SUPPLIED MATERIAL Block Start

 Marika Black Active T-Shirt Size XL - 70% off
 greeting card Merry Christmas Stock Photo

SUPPLIED MATERIAL Block End
SUPPLIED MATERIAL Block Start

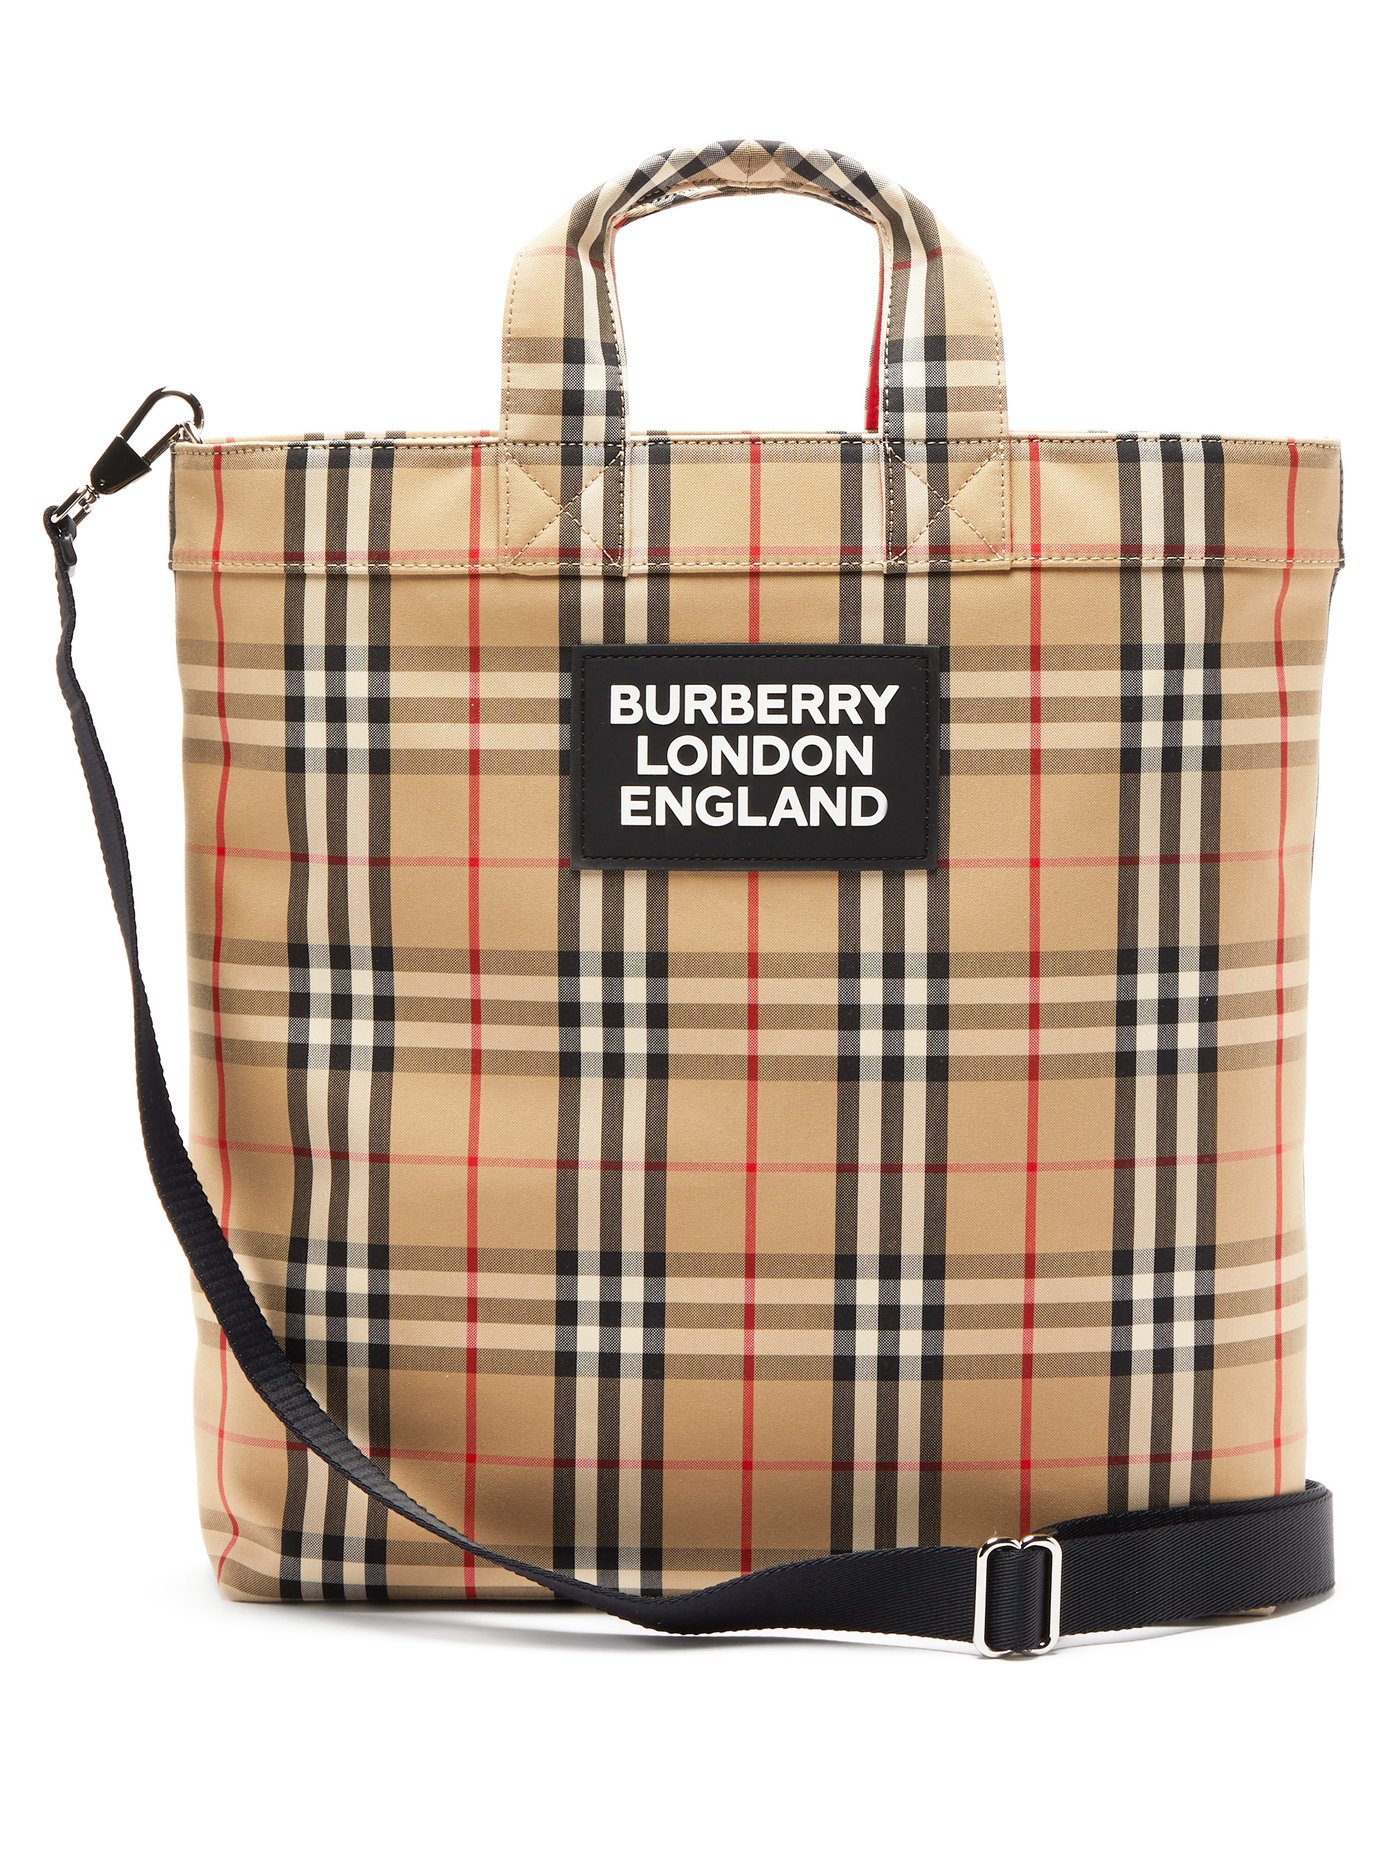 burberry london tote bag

SUPPLIED MATERIAL Block End
SUPPLIED MATERIAL Block Start

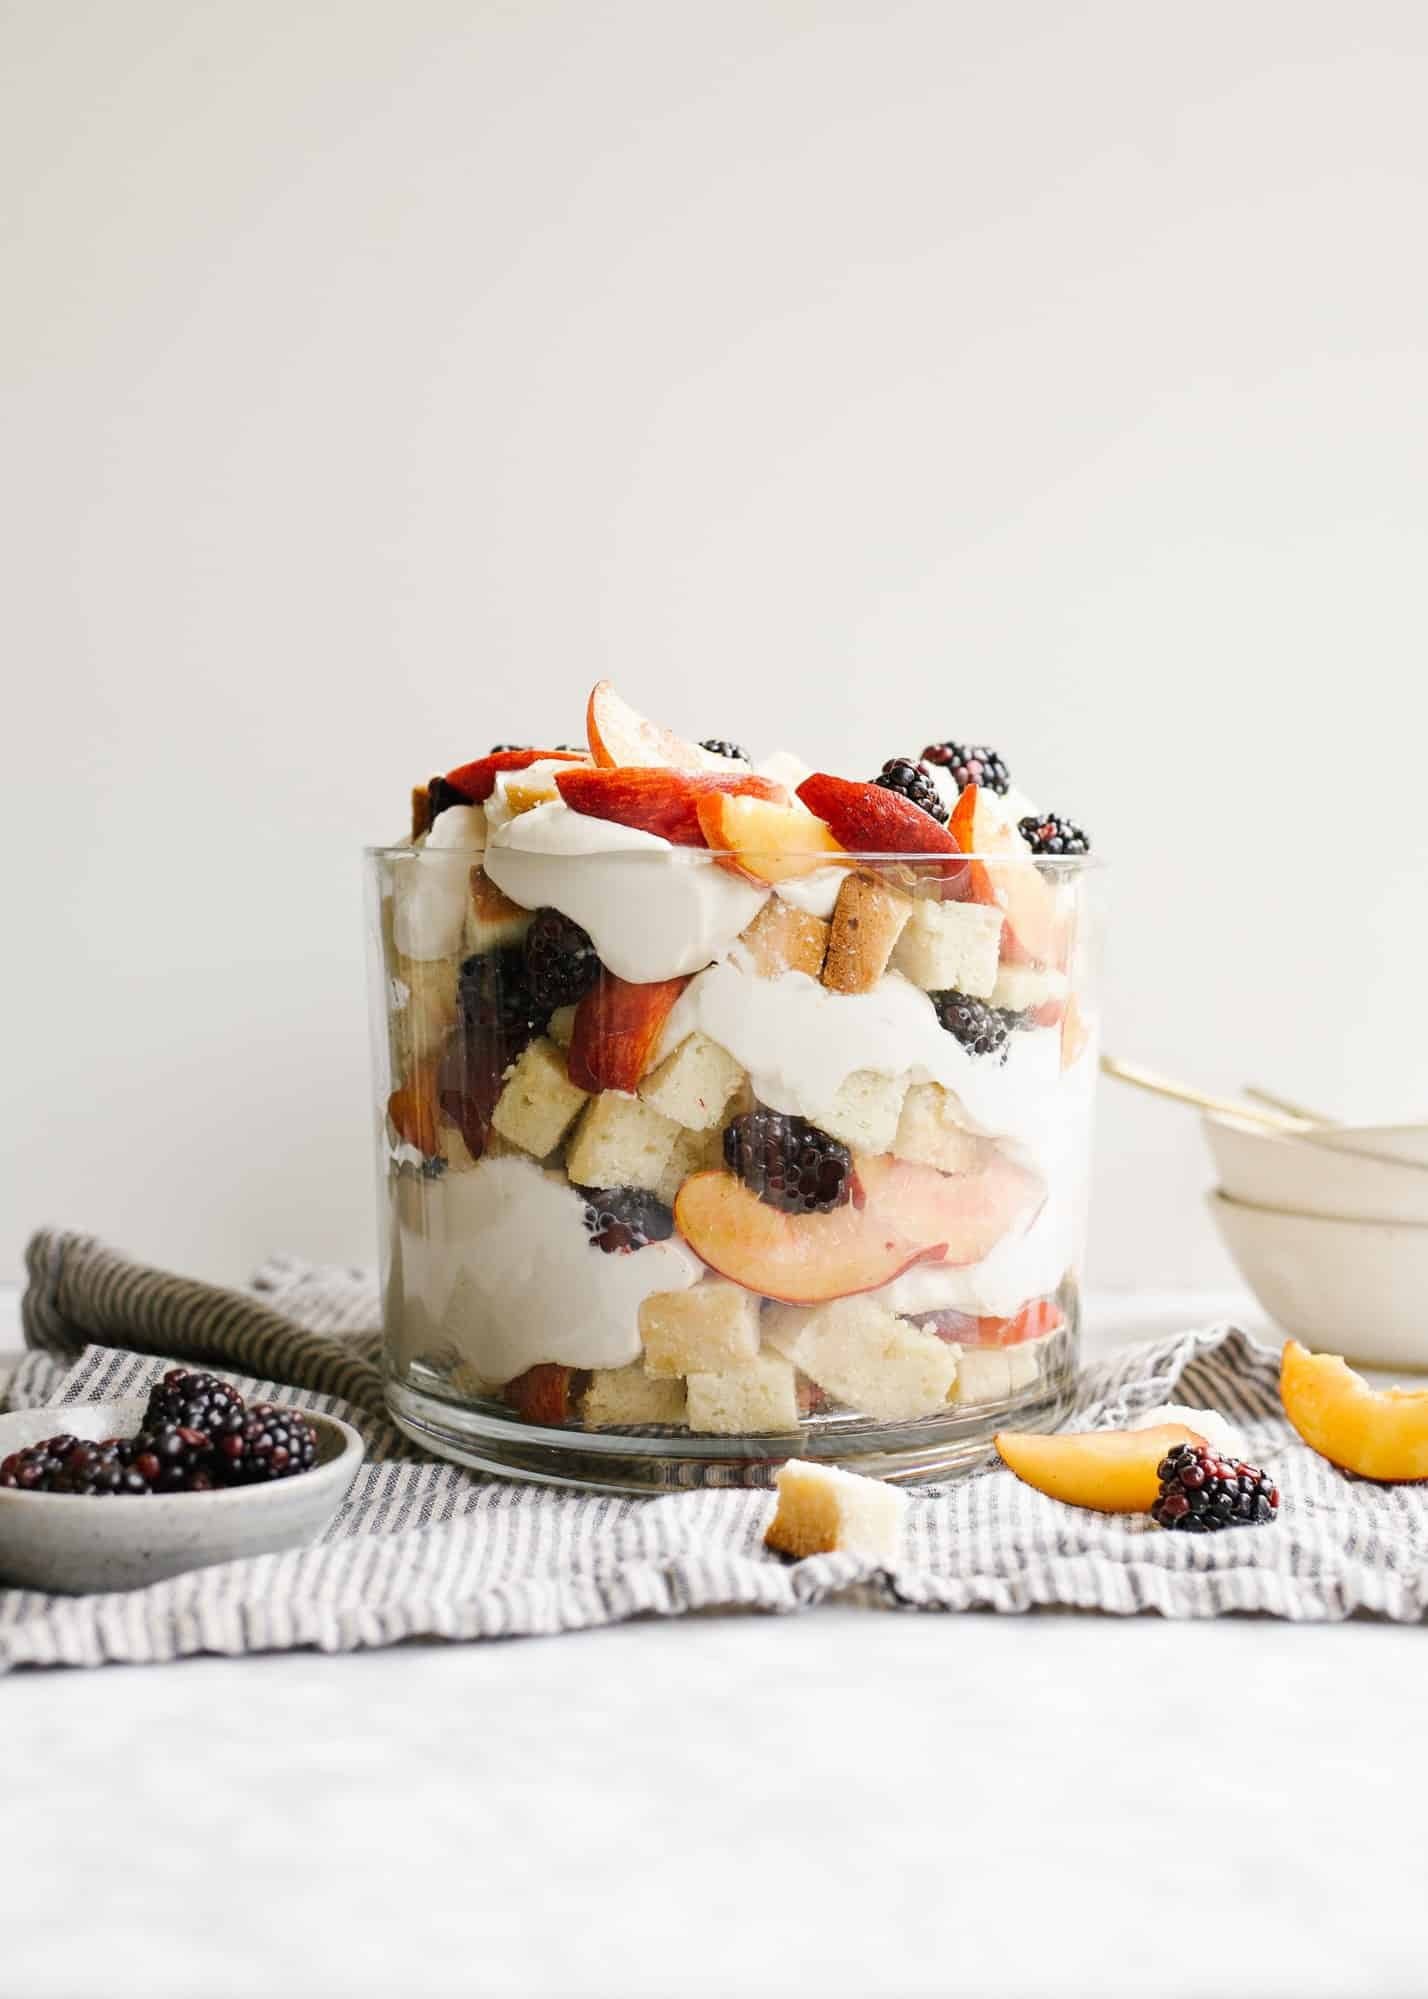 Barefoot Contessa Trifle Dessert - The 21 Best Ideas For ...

SUPPLIED MATERIAL Block End

> WORK TO COMPLETE
From the records above, print only the lines between the one holding "Marika Black Active" and the one holding "greeting card Merry Christmas Stock Photo", inclusive, exactly as they stand.

> OUTPUT FOR THIS EXERCISE
 Marika Black Active T-Shirt Size XL - 70% off
 greeting card Merry Christmas Stock Photo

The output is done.